Especially on long-term infusion of propofol or at very high doses, a propofol infusion syndrome occur. The complication, however, was already described in an approximately 5 hour long Propfol anesthesia. Children are particularly vulnerable to develop such a syndrome.
Formation
The emergence of Propofolinfusionssyndroms has not been clarified in detail. There are several factors play a role, with probably a disturbed fatty acid metabolism with uncoupling of the respiratory chain is the main cause. High-dose and long-lasting Propofolinfusionen promote the development of PRIS. It is unclear whether the intermediate dose or whether short-term high doses favor the development.
Clinical features
As part of a propofol infusion syndrome usually occurs heart failure and cardiac arrhythmias as well as metabolic acidosis. In addition, it occurs relatively frequently to rhabdomyolysis and acute renal insufficiency or acute renal failure, usually prevent the hypertriglyceridemia.
The arrhythmia Brugada -like ECG changes are typical. Furthermore, it may lead to atrioventricular blocks, spacers of the QRS complex and bradycardia. The latter can lead to asystole.
The metabolic acidosis is caused by lactic acidosis and the consequences of renal failure. The damage to the heart muscle can be demonstrated by increases in cardiac enzymes. In rhabdomyolysis creatine kinase and myoglobin in serum rise and it is myoglobin in the urine ( myoglobinuria ) detectable. The renal failure is probably caused by the increased myoglobin.
Therapy
The most important measure in the presence of a Propofolinfusionssyndroms is the immediate discontinuation of sedation with propofol and switching to another sedative. Even with a recovery or improvement of symptoms after discontinuation of propofol re- use is not recommended, as is suspected especially after Langzeitantanwendung an accumulation and redistribution of propofol. The latter can lead to a significantly longer influencing the metabolism than is to be expected in the short half -life of propofol.

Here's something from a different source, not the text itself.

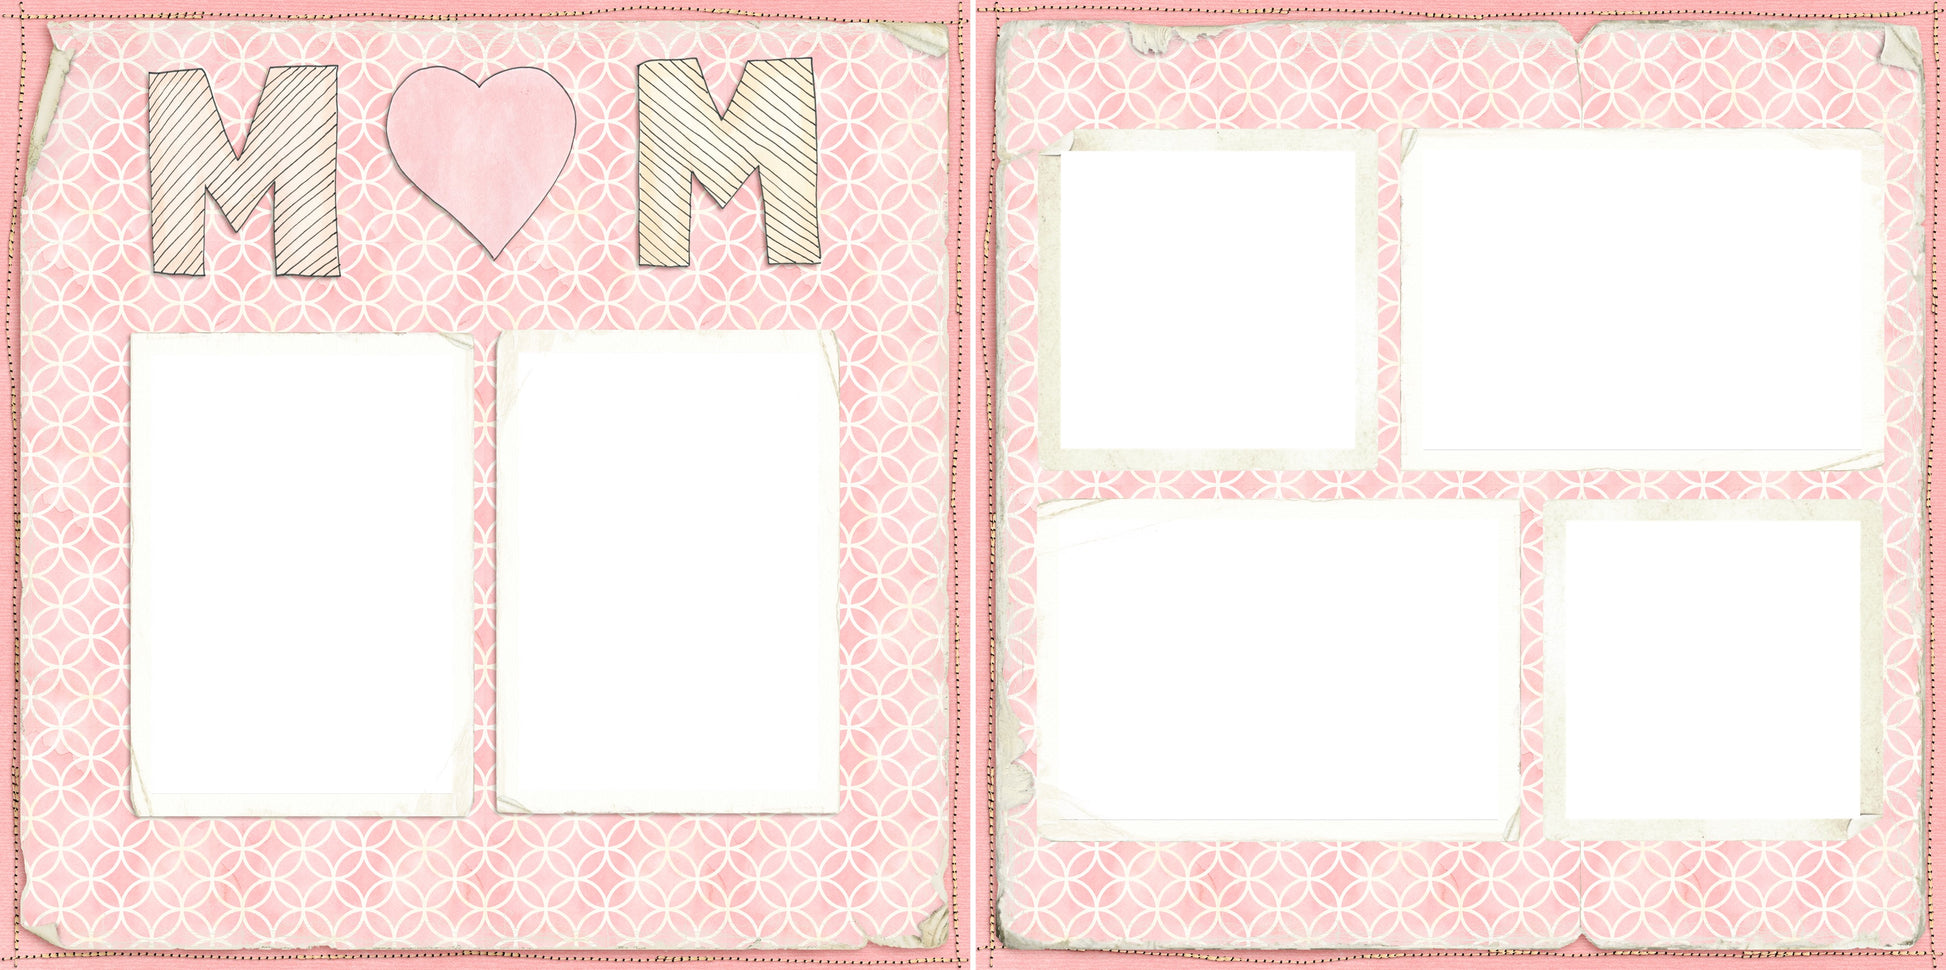 Mom - Digital Scrapbook Pages - INSTANT DOWNLOAD - EZscrapbooks Scrapbook Layouts Grandmother, Love - Valentine, Mother

In addition, supportive measures must be taken if necessary. These include the administration of fluids and catecholamines to maintain a sufficiently high blood pressure, treatment of bradycardia - when medication is not sufficient possibly by pacing - as well as a balance of matabolischen acidosis. The use of renal replacement therapy ( hemofiltration or hemodialysis) should be turned recommend this early stage considered as clinically severe cases have been reported in which this treatment option has not addressed. In particular, the continuous hemofiltration often leads to a rapid improvement of symptoms, possibly because a suspected metabolite of propofol is dialysable. Also an adequate caloric intake in the form of carbohydrates is recommended from the point of suspected fatty acid oxidation disorder.